The company previously made payments of $1.3 million, so under the settlement it will pay an additional $7.9 million to resolve a lawsuit by a former HII employee over labor mischarging allegations under the whistleblower provisions of the False Claims Act.

The first National Security Cutter Bertholf navigates through Alaskan waters. Photo: Coast Guard
The first National Security Cutter Bertholf navigates through Alaskan waters. Photo: Coast Guard

Despite the settlement, there has been no determination of liability, the Justice Department said.
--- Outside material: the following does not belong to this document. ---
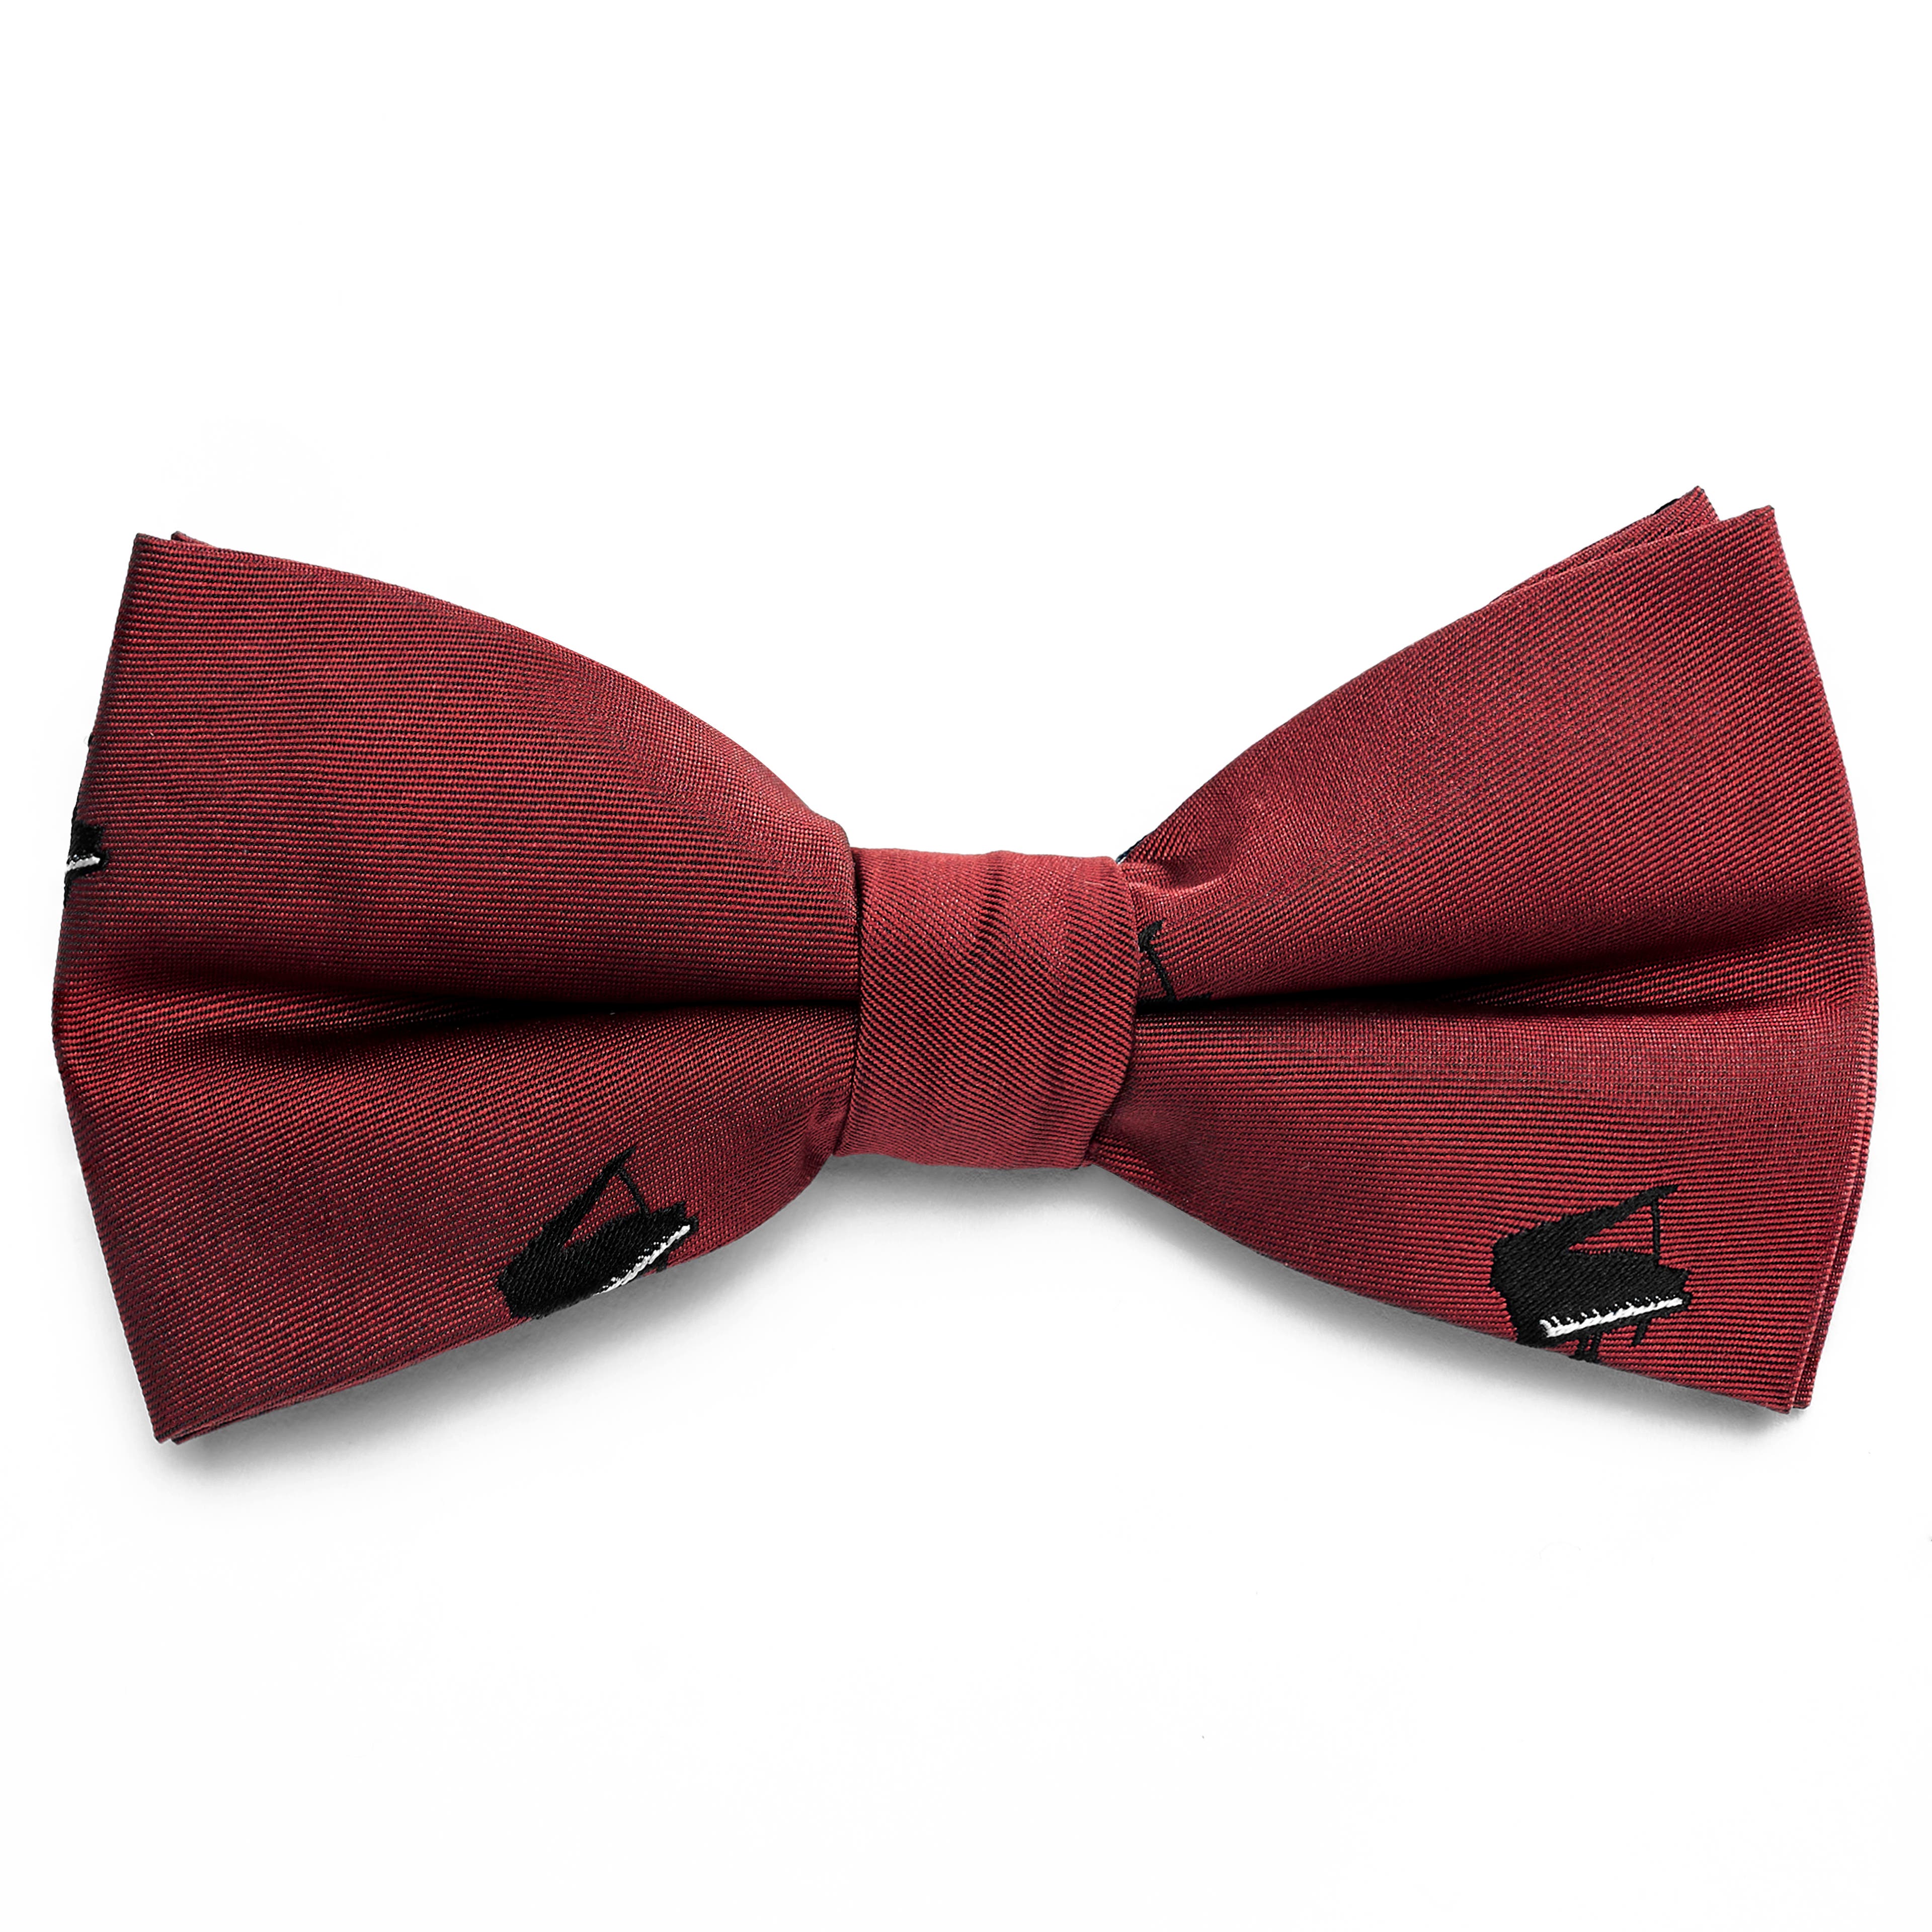 Burgundy with Pianos Pre-Tied Bow Tie

The settlement in the department’s Southern District of Mississippi dates back to 2003 for work done on Navy and Coast Guard ships at HII’s Ingalls Shipbuilding division in Pascagoula, Miss. There, the company builds amphibious assault ships for the Navy and the Coast Guard’s National Security Cutter.

“Our Armed Forces depend on defense contractors to follow the rules, and this civil settlement, the second largest in the District’s history, should remind all those who conduct business with the United States Government that they are expected to abide by the rules,” Harold Brittain, acting U.S. Attorney, said in a statement. He said his District “will remain vigilant in identifying and prosecuting those involved in nefarious activities and fraudulent billing, which ultimately result in substantial cost overruns on Navy and Coast Guard shipbuilding projects.”

In a statement on Tuesday, HII said “The company informed the Government of alleged misconduct by certain employees and fully cooperated with the Government in investigating and reaching a resolution of the matter. The company has strengthened its compliance program to help ensure that no similar issues arise in the future.”

In its latest annual report, called a 10-K, filed with the Securities and Exchange Commission in February, HII said that in 2013 it disclosed to the Departments of Defense and Homeland Security that it had begun an internal investigation into possible “mischarged time or misstated progress on Navy and Coast Guard contracts” at Ingalls. The filing said that the Navy was provisionally withholding $4.7 million in payments on existing contracts with the likely amount of mischarging expected to be no more than $3.1 million. The Coast Guard in June 2014 told the company it was provisionally withholding $3.6 million in contractor payments.

HII said in the 10-K that based on its investigation, the estimated mischarging was about $4 million.

The Justice Department said the settlement also “resolves claims disclosed by HII that it had billed the Navy and Coast Guard for dive operations to support ship hull construction that did not actually occur as claimed.”

Bryan Faulkner, a former HII employee who brought the original lawsuit against the company over the alleged mischarges, will receive $1.6 million as a result of the civil action he filed.